Exercise prompt
Leave every picture out. Set down all the lines below exactly.

Information shown

....

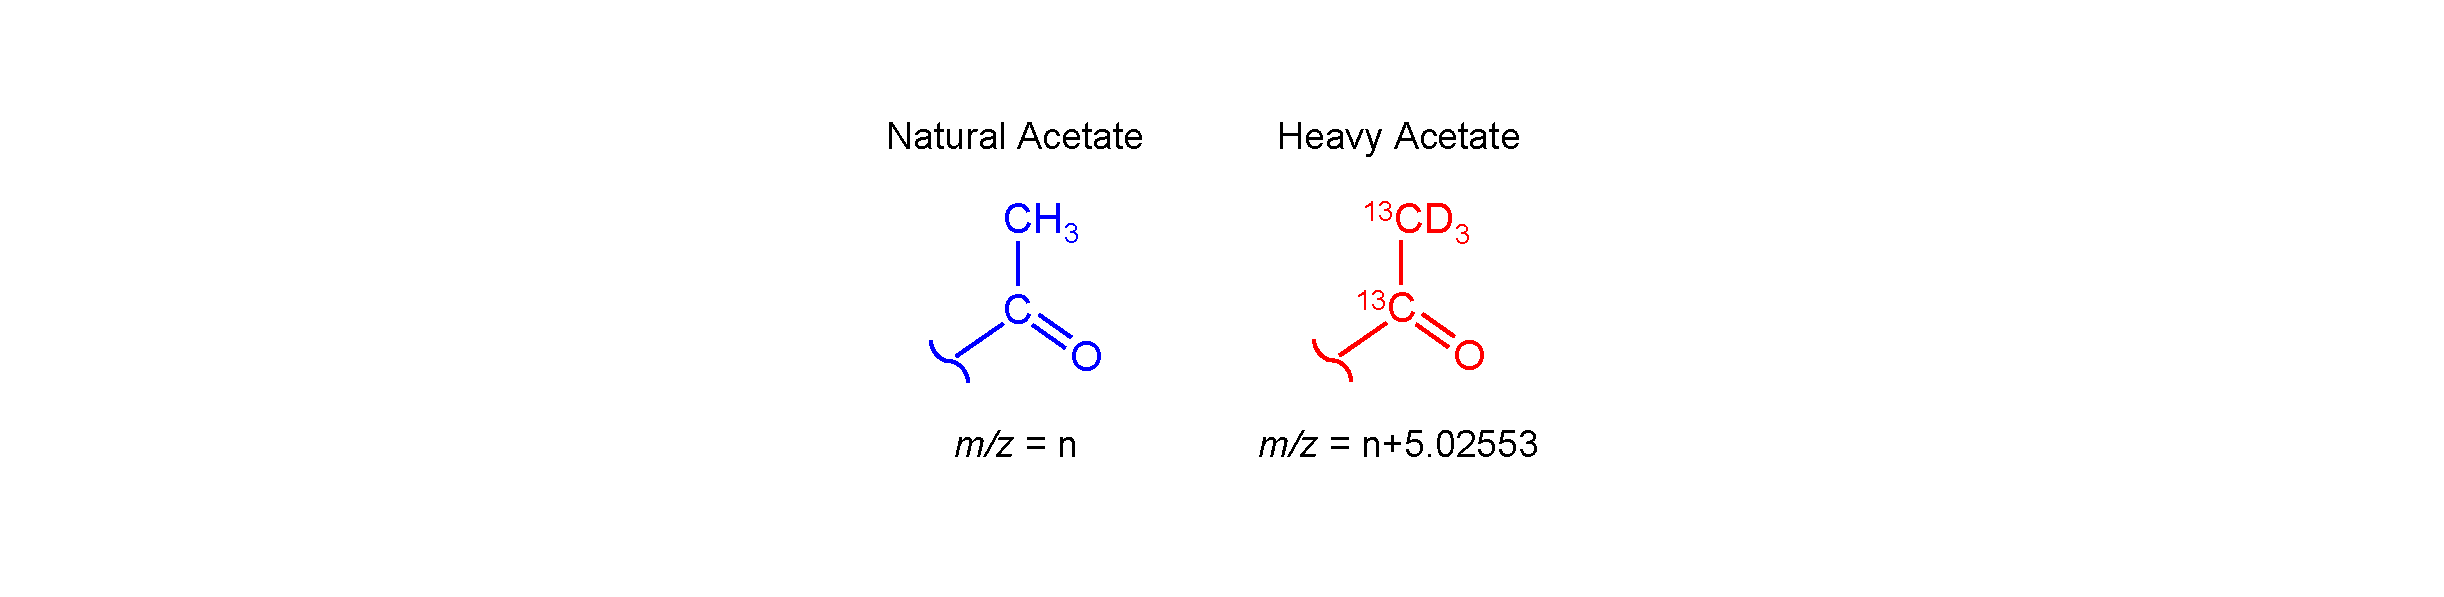 heavy acetate
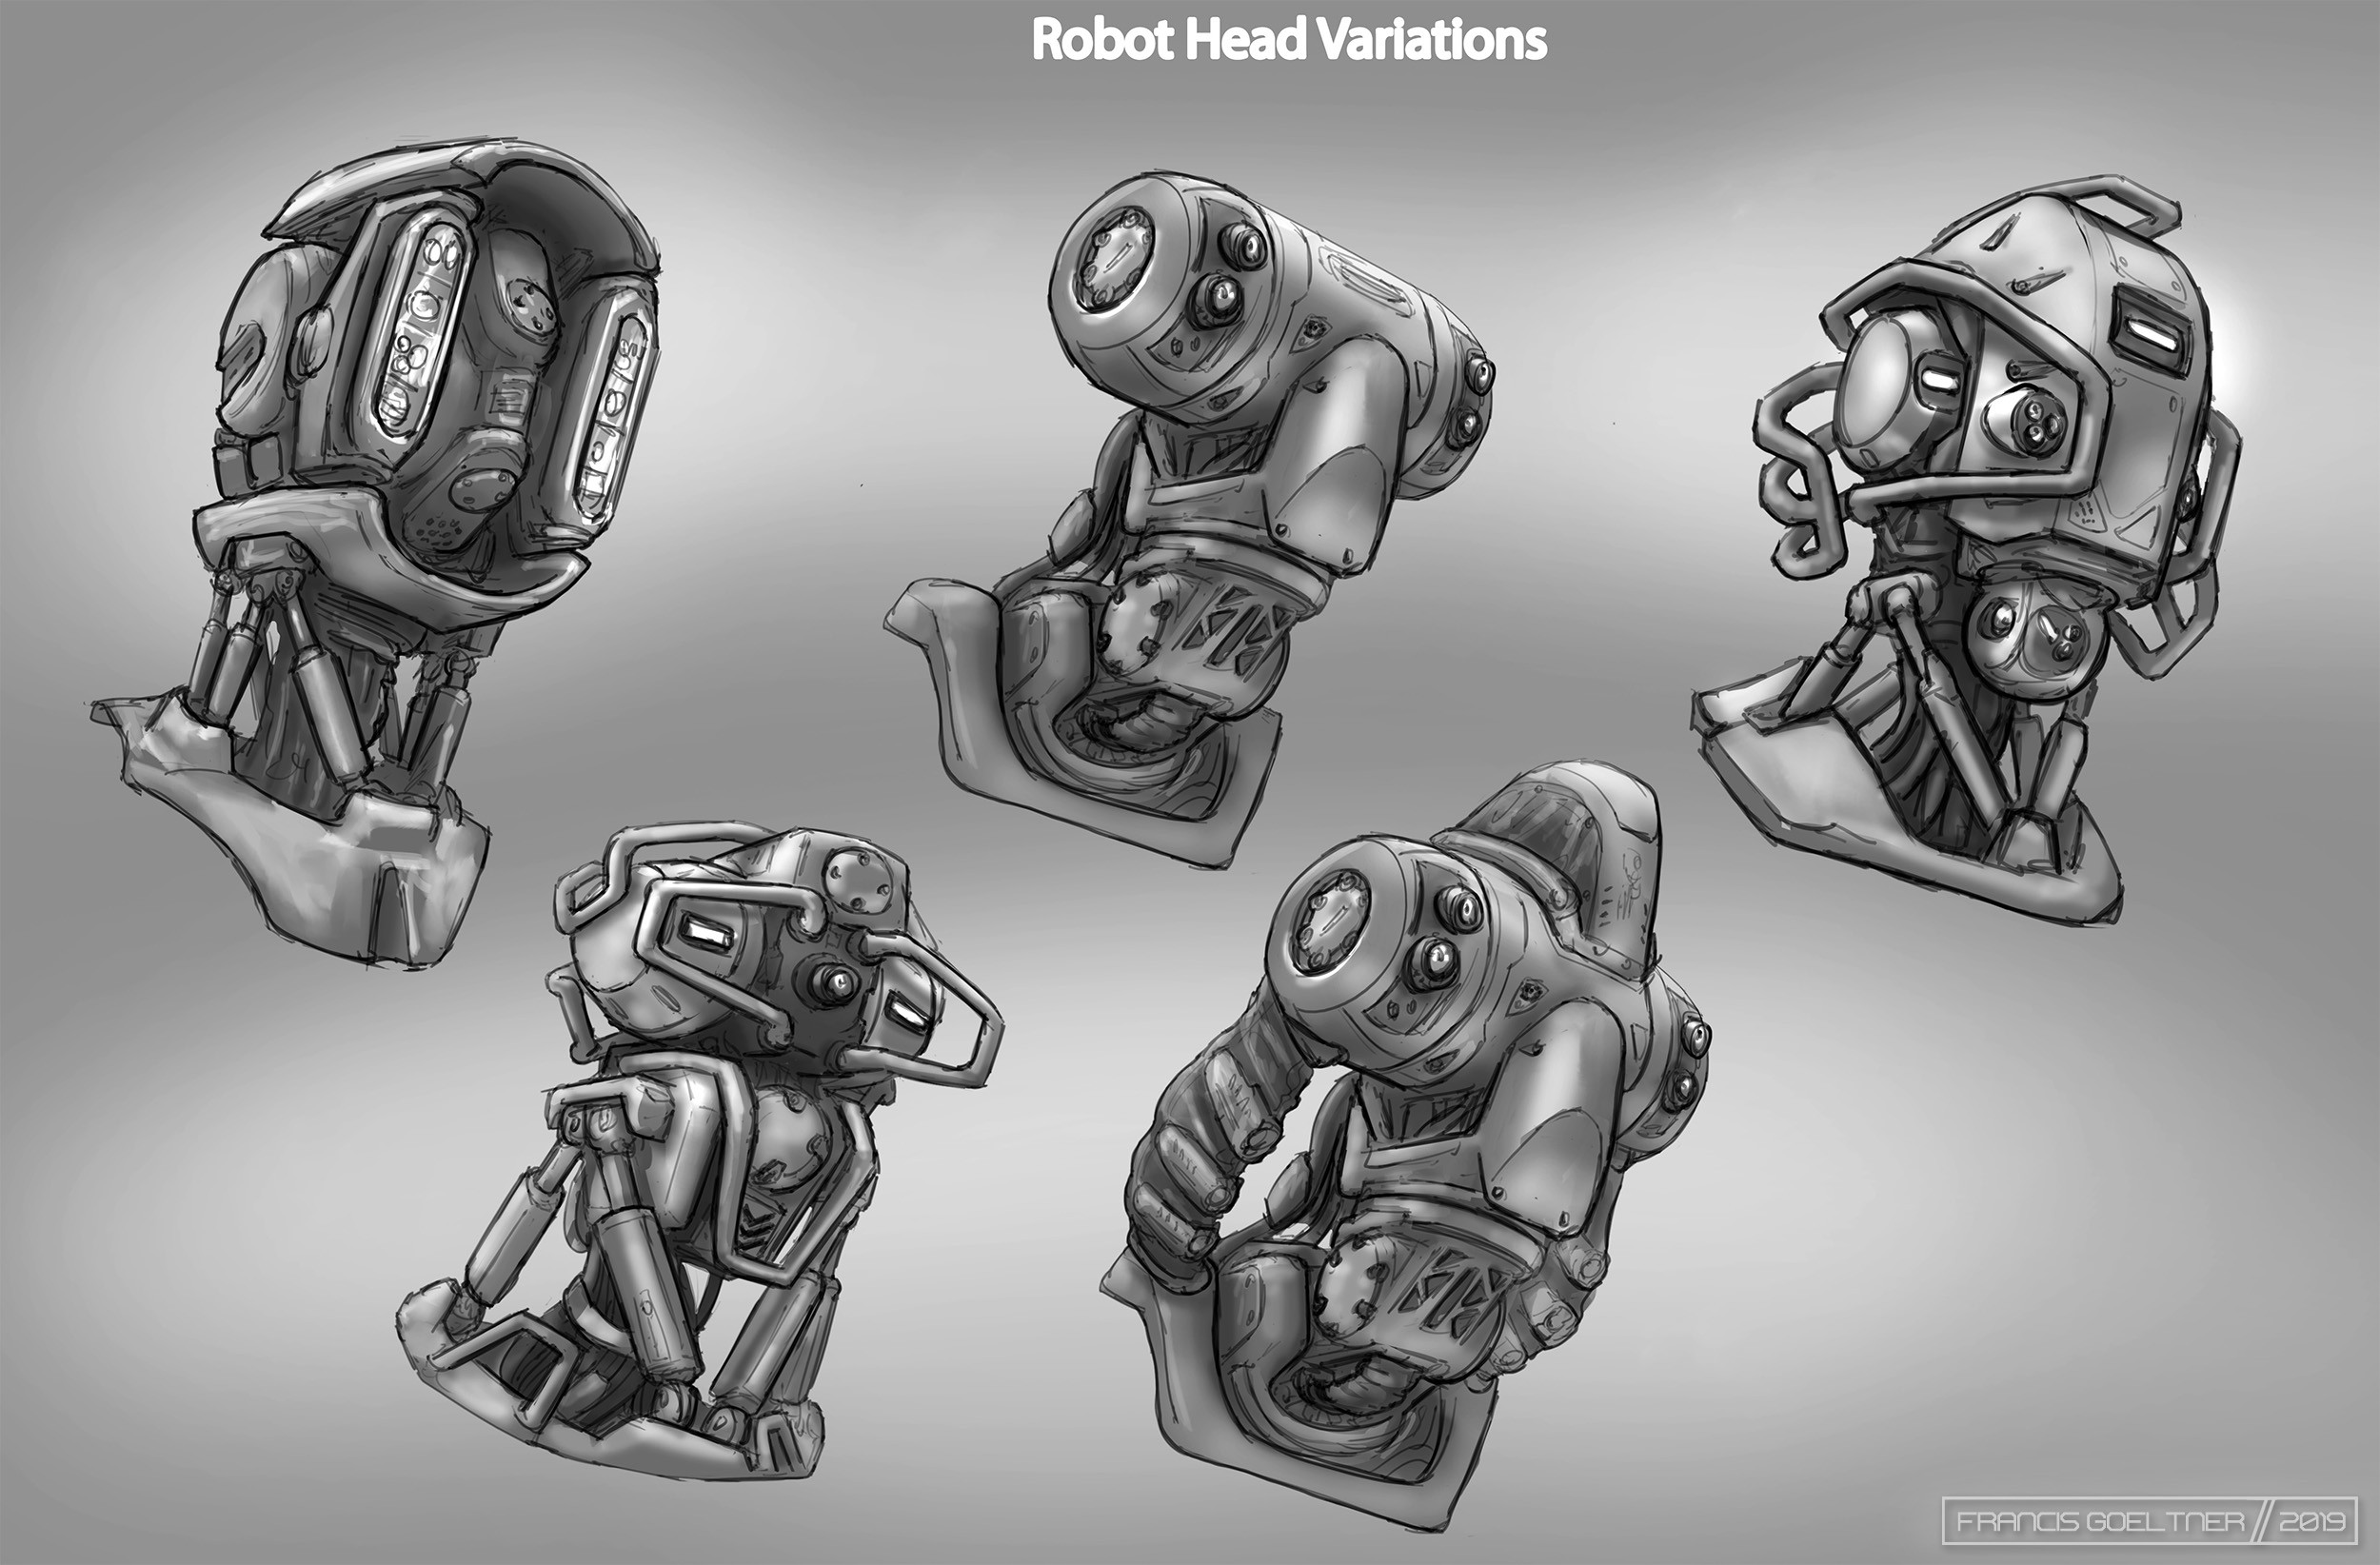 Exploratory sketches of head designs
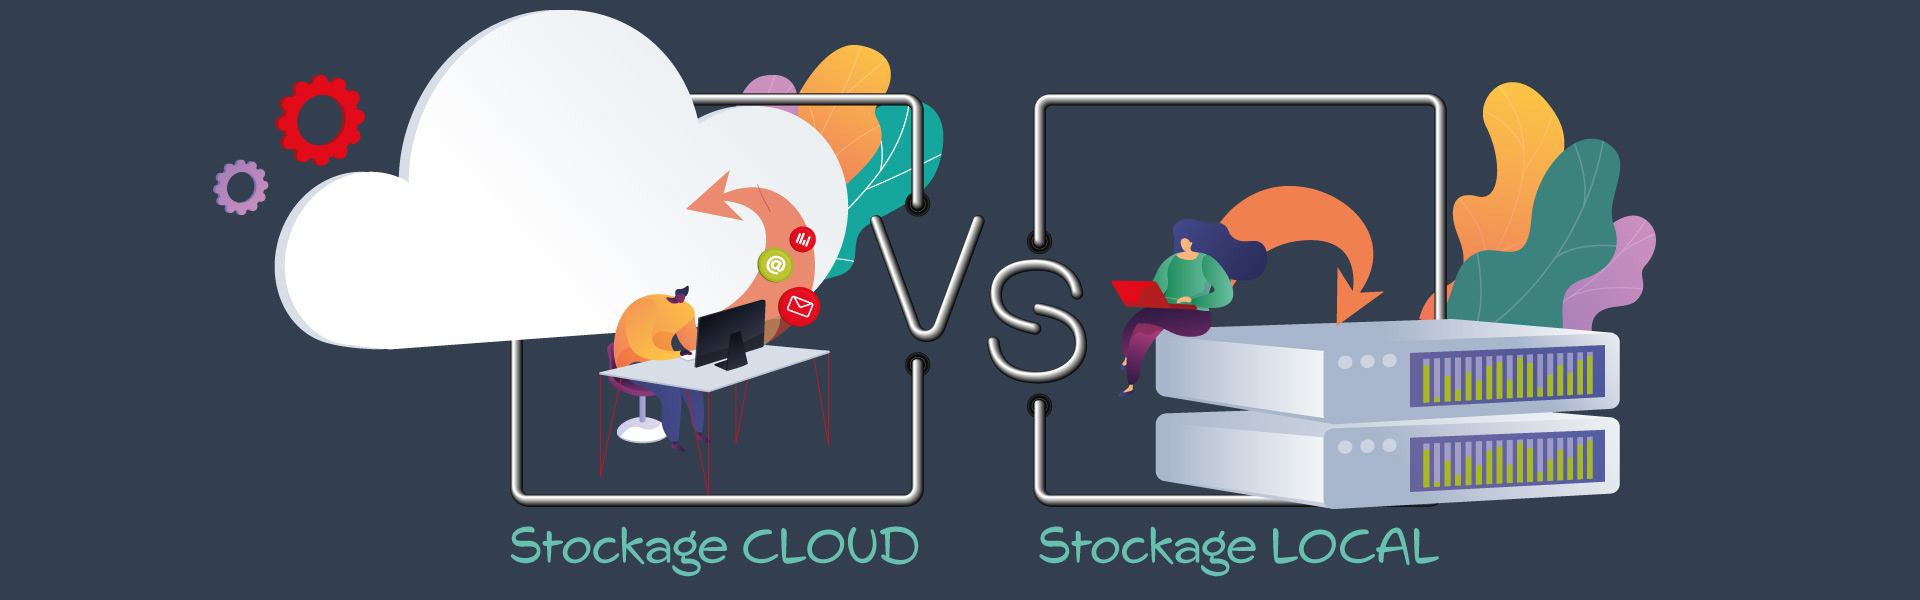 stockage local vs stockage cloud
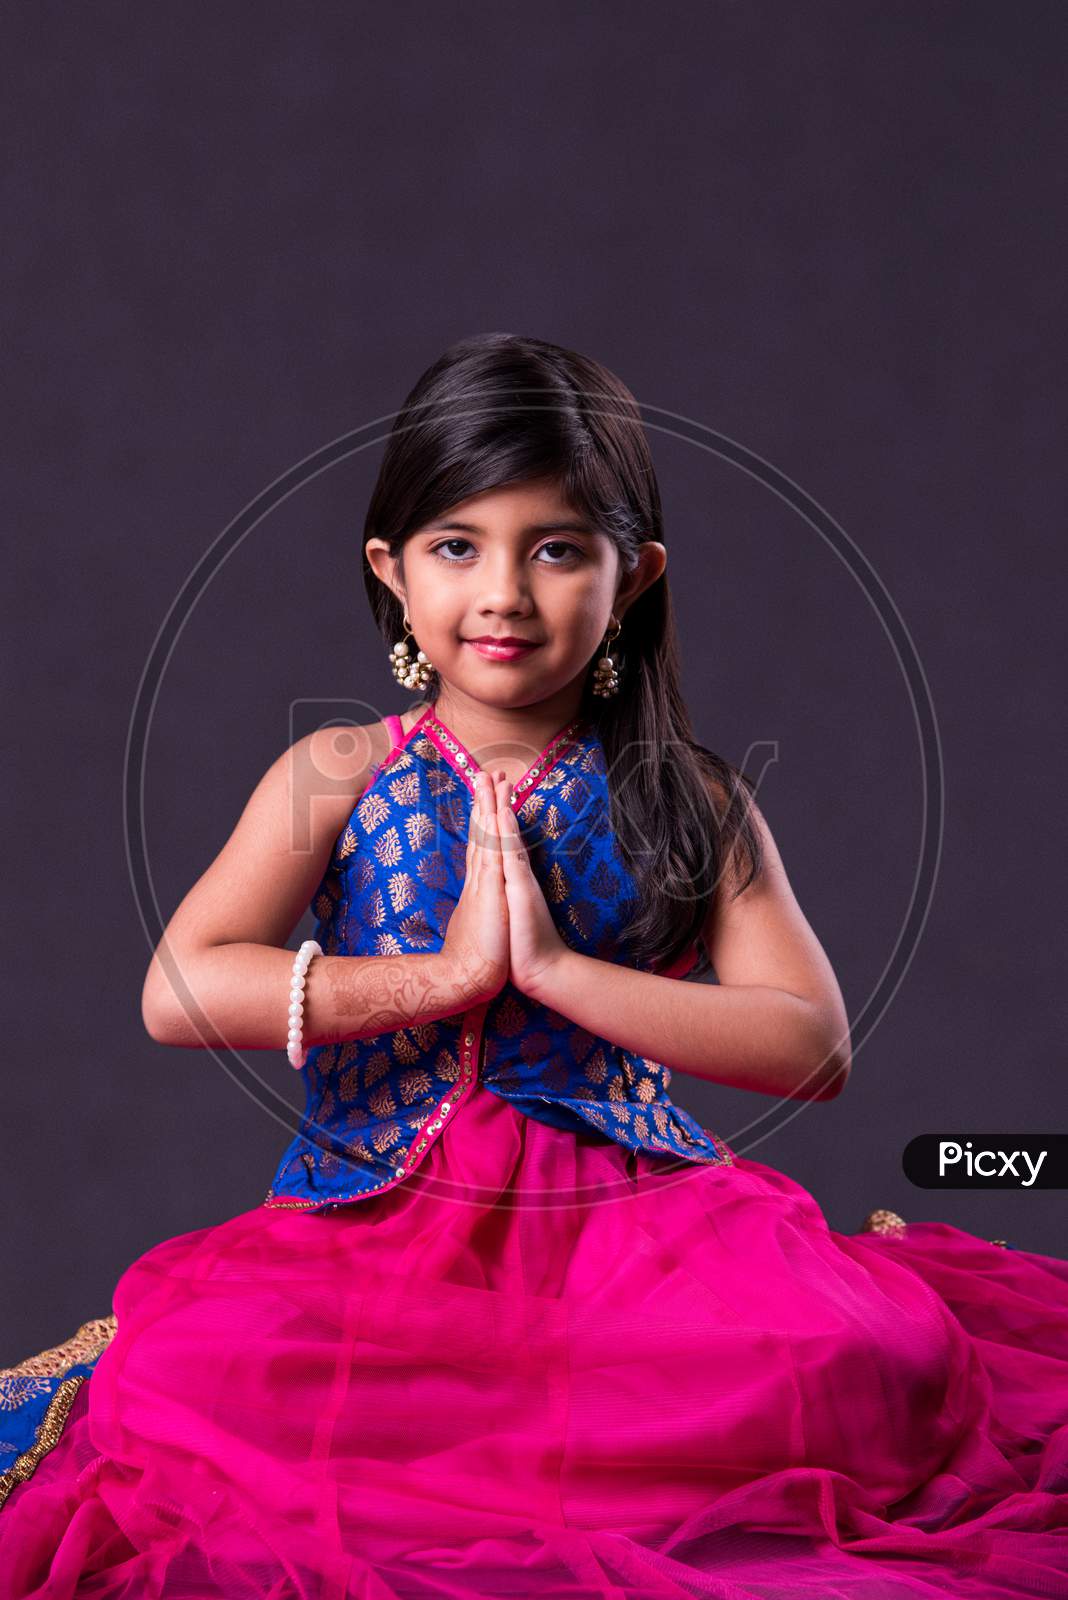 Small girl in namaskara or Prayer pose with both hands folded

....

Response area
 heavy acetate
 Exploratory sketches of head designs
 stockage local vs stockage cloud
 Small girl in namaskara or Prayer pose with both hands folded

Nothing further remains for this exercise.